Catalonia launches its independence challenge against Spain
BARCELONA - Agence France-Presse
Spain is facing its deepest political crisis in decades after Catalonia's regional parliament passed a law paving the way for an independence referendum on Oct. 1, with Madrid set to seek any means possible to block it from Sept. 7.The looming showdown comes three weeks after jihadist attacks in Barcelona, the capital of Catalonia, and a seaside resort which killed 16 people and wounded more than 120.
"The concept of state and unity of the homeland ... doesn't have a future in modern democratic Europe," said the president of Catalonia, Carles Puigdemont, at the end of his speech late Sept. 6 after the vote.
Lawmakers approved the bill despite a February ruling by Spain's Constitutional Court declaring it would be unconstitutional.
Shortly after the law was passed Puigdemont and the rest of his cabinet signed a decree calling the referendum, presenting a show of unity in the face of threats of legal action by Madrid, which deems the plebiscite illegal.
Deputy Prime Minister Soraya Saenz de Santamaria said before the law was passed that the government had asked the Constitutional Court to declare "void and without effect the agreements adopted" by the Catalan parliament.
She also denounced the regional assembly's agreement to quickly vote on the bill with little debate as an "act of force" characteristic of "dictatorial regimes.”
At the same time, public prosecutors announced they would seek criminal charges for disobedience against the president of the Catalan parliament, Carme Forcadell, and other Catalan officials for allowing the vote on the referendum law.
In a tweet earlier, Forcadell said she had requested that the 12 judges at the Constitutional Court be disqualified, calling them "another extension of the state which has lost all legitimacy.”
Most of the court's judges have been nominated by lawmakers from Prime Minister Mariano Rajoy's Popular Party.
Catalonia, a region of 7.5 million people with its own language and culture, accounts for about one-fifth of Spain's economic output, and has significant powers over matters such as education and healthcare.
But Spain's economic worries, coupled with a perception that the region pays more in taxes than it receives in investments and transfers from Madrid, have helped push the cause of secession from the fringes of Catalan politics to centre stage.
Adding to the rise in separatist sentiment was a 2010 ruling by the Constitutional Court striking down parts of a 2006 autonomy charter which granted new powers to Catalonia and recognized it as "a nation.”
Lawmakers who back independence won an absolute majority in the 135-seat regional parliament for the first time in a September 2015 election.
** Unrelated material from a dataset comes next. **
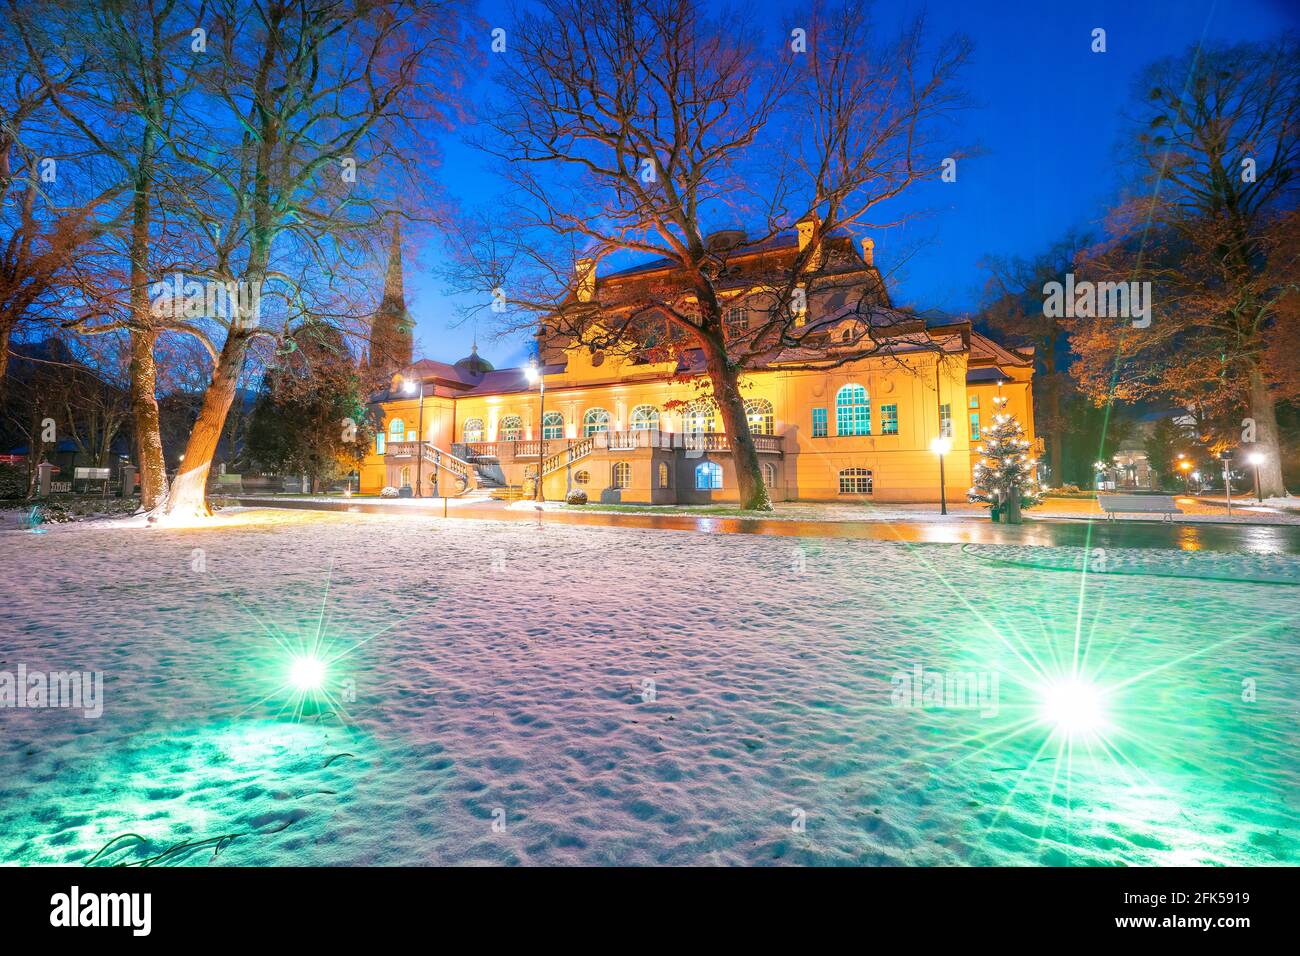 Hiver - Weihnacht im abendlich-nächtlich-beleuchteten Kurgarten von Bad Reichenhalldas Alte Kurhaus Banque D'Images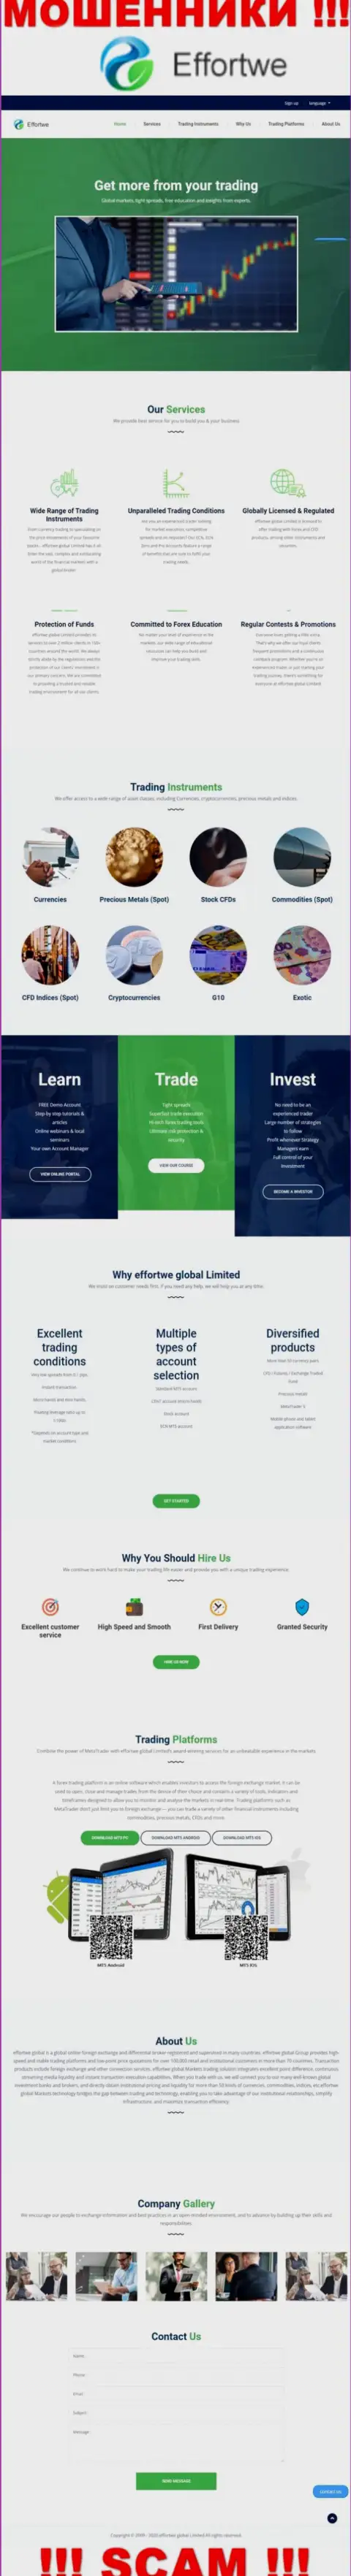 Сайт конторы Effortwe Global Limited, заполненный фейковой инфой

The government that emerged from that vote vowed to begin the process of breaking away from Spain.
Rajoy responded by promising new investments in Catalonia and regularly sent his deputy to the region, but made no significant reforms regarding the division of powers that addressed Catalan concerns.
Opinion polls show that Catalans are evenly divided on independence. But a majority, over 70 percent, want a referendum to take place to settle the matter.
Rajoy steadfastly refuses to let Catalonia hold a plebiscite similar to Scotland's 2014 referendum on independence from Britain, which was approved by London and resulted in a "no" vote.
His Popular Party and the Constitutional Court argue that the Spanish constitution does not allow regions to unilaterally decide on sovereignty.
The Catalan government staged a symbolic independence referendum in 2014, when more than 80 percent of participants voted to split from Spain -- though only 2.3 million of Catalonia's 5.4 million eligible voters took part.
Spain's Court of Auditors ruled on Sept. 5 that 11 former Catalan officials, including former Catalan president Artur Mas, must repay by Sept. 25 the $6.1 million in public funds that it cost to hold that vote.